Mr Chetwynd claims that "the footage" (surely it would be a digital file, or do metal detectorists have Stone Age video equipment?) "will be seen when it is arranged to have the biggest impact". I would say the eve of "Britain's Secret Treasures" coming out was just such a time if Mr Chetwynd wanted to do the PAS maximum damage.

If the FLO was offering to buy items he knew were stolen (nighthawked, from an unreported hoard) then yes that would be illegal (although how do we know that he did not also have a hidden camera running and this was part of a PAS sting?). If however the two objects were the product of legal metal detecting, then there is in fact nothing illegal about an FLO offering to buy them for a collection. Collecting artefacts is not illegal in England and Wales. That is the whole point of the PAS. I would not be surprised if a number of FLOs had private collections of archaeological artefacts (perhaps the PAS could supply some figures on that). If they have been legally obtained and properly dealt with, there is not even anything in the IFA Code of Practice which says they cannot. So what is the problem, what will this alleged "film" achieve? It might open up the debate about collecting though. Bring it on.

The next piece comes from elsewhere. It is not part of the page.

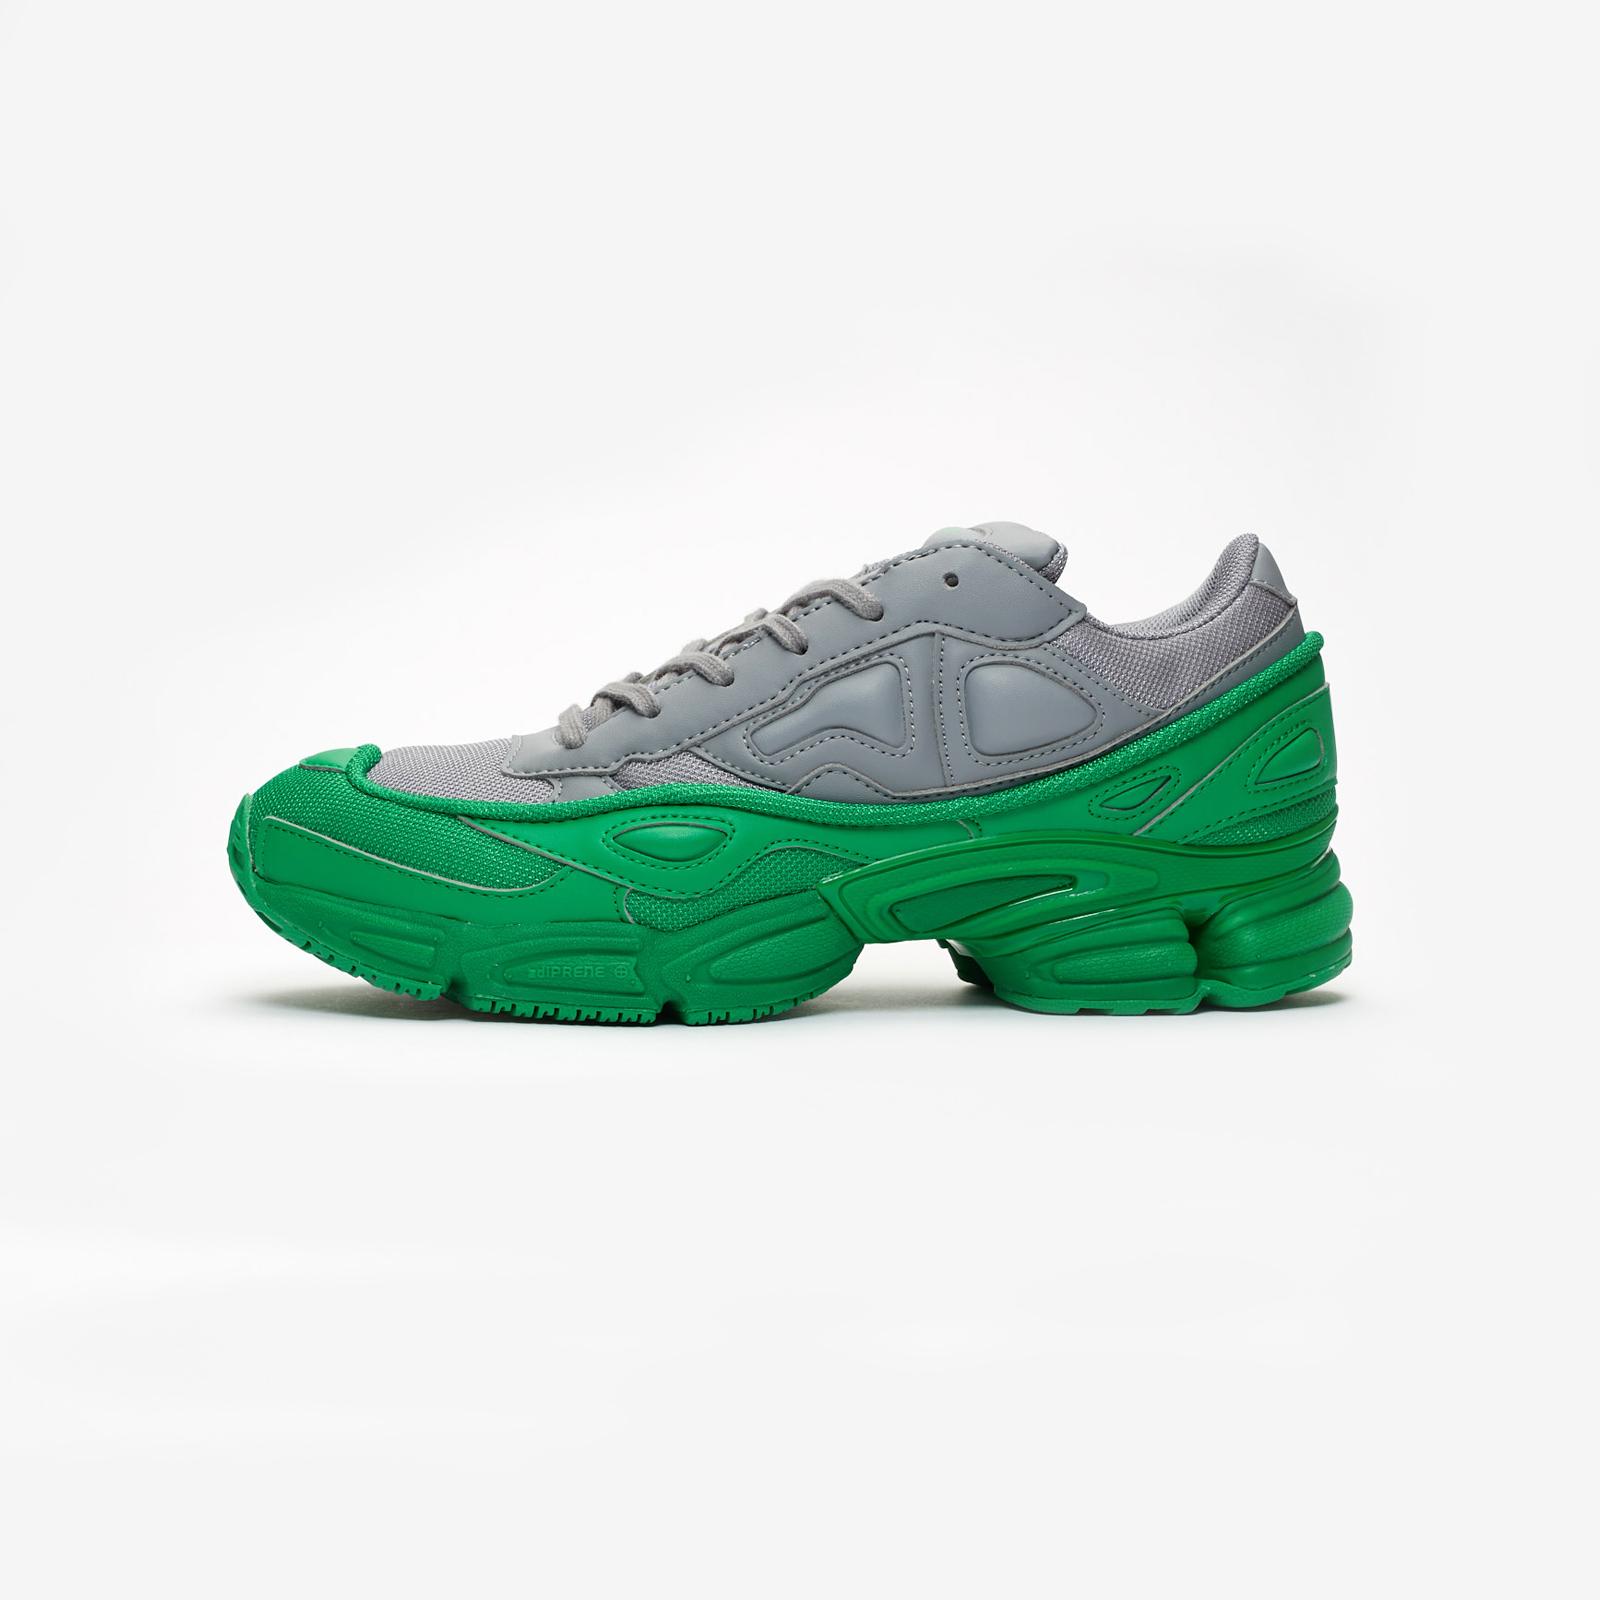 e457ac930bb adidas Raf Simons Ozweego - F34266 - Sneakersnstuff | sneakers ...
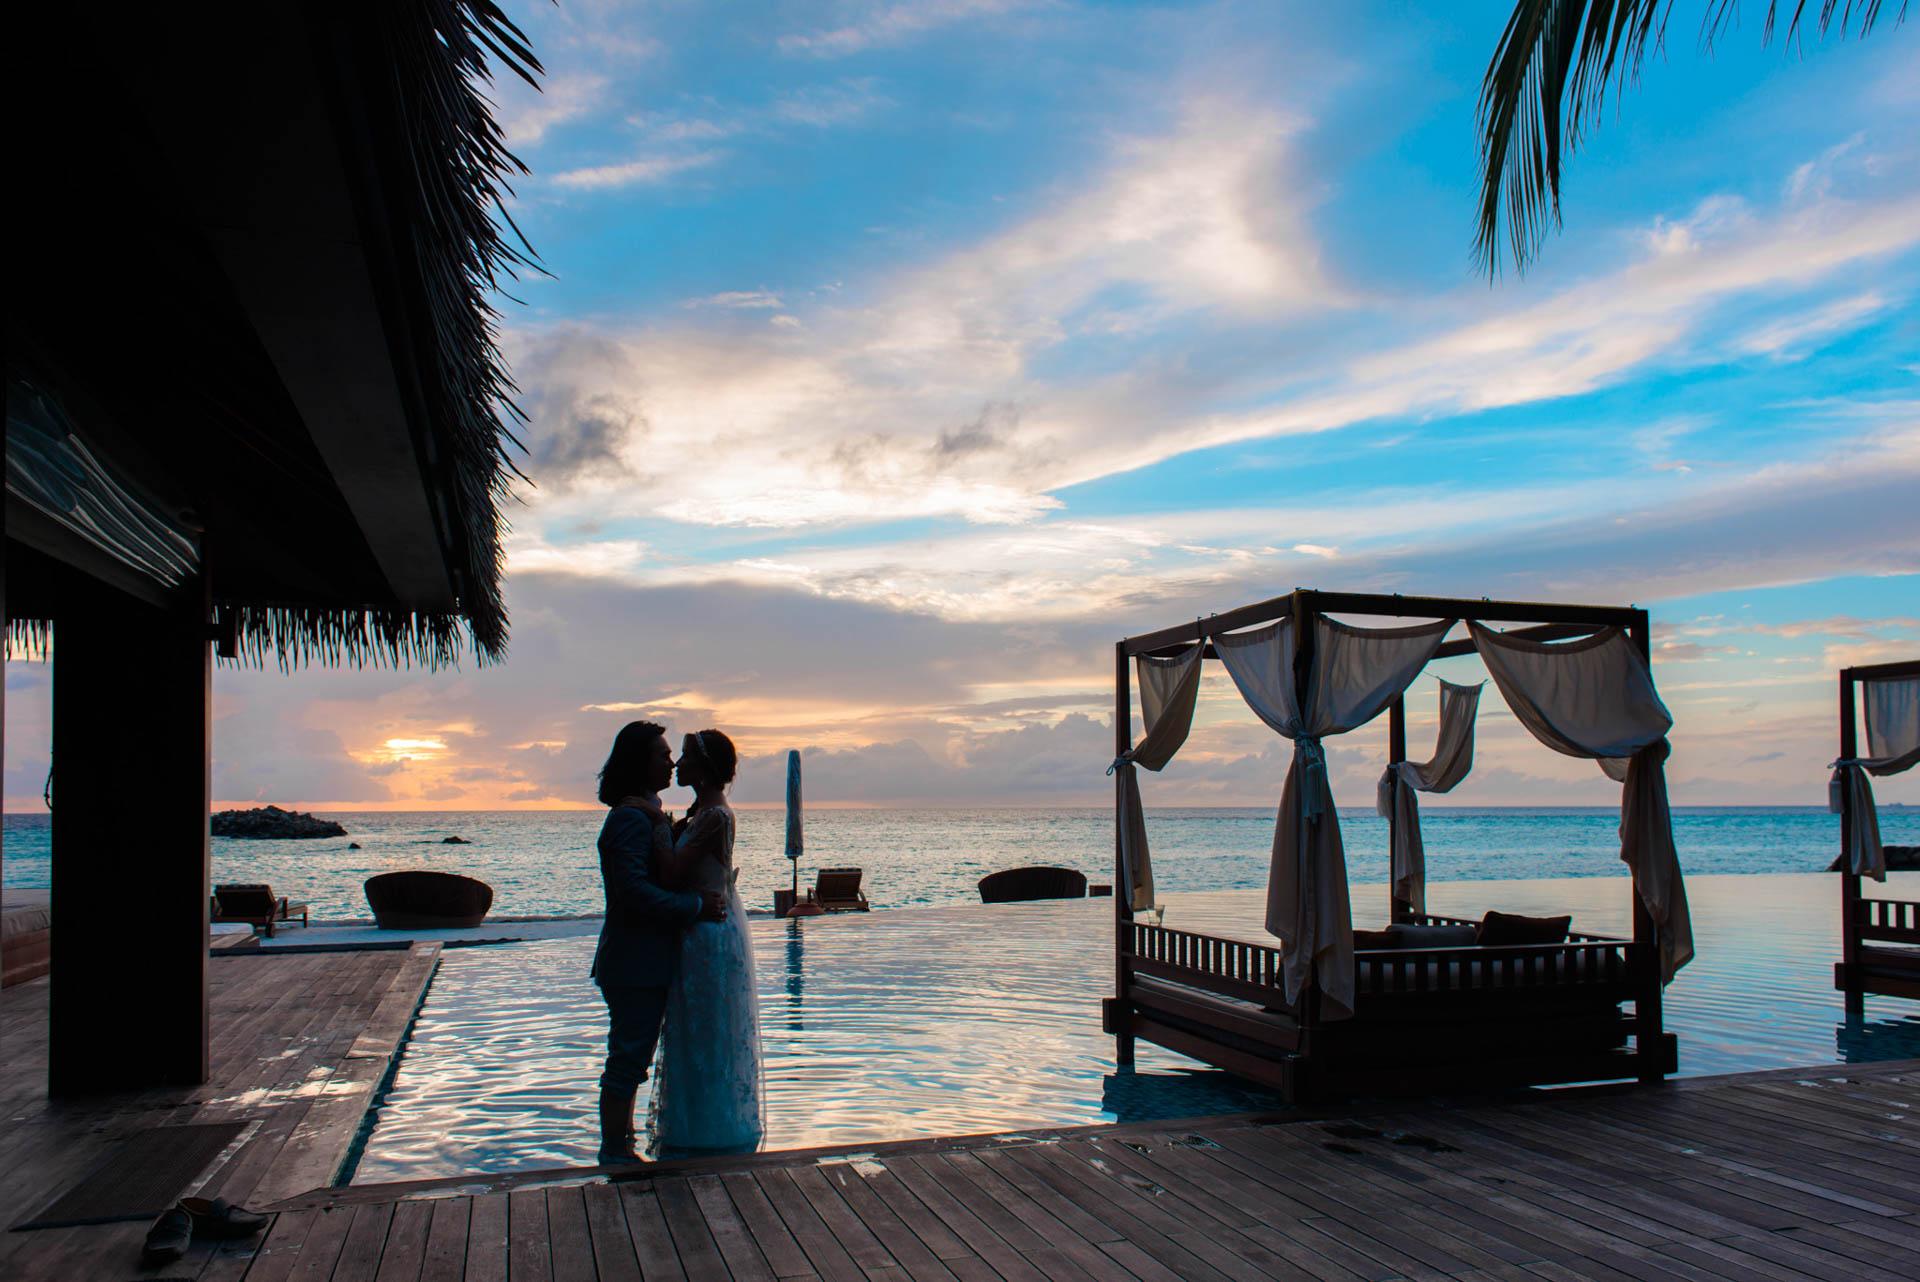 Chih Chao Yu Shan Destination Wedding at Residence Maldives 5

Vignette: caught on camera
What simpletons and liars some artefact hunters are.

TAKE A GOOD LOOK at this behaviour, for these are precisely the sort of people the PAS wants to grab more and more millions of public quid to make into the "partners" of the British Museum, archaeological heritage professionals and to whom they want us all to entrust the exploitation of the archaeological record. Take a good look and decide what you think about that as a "policy".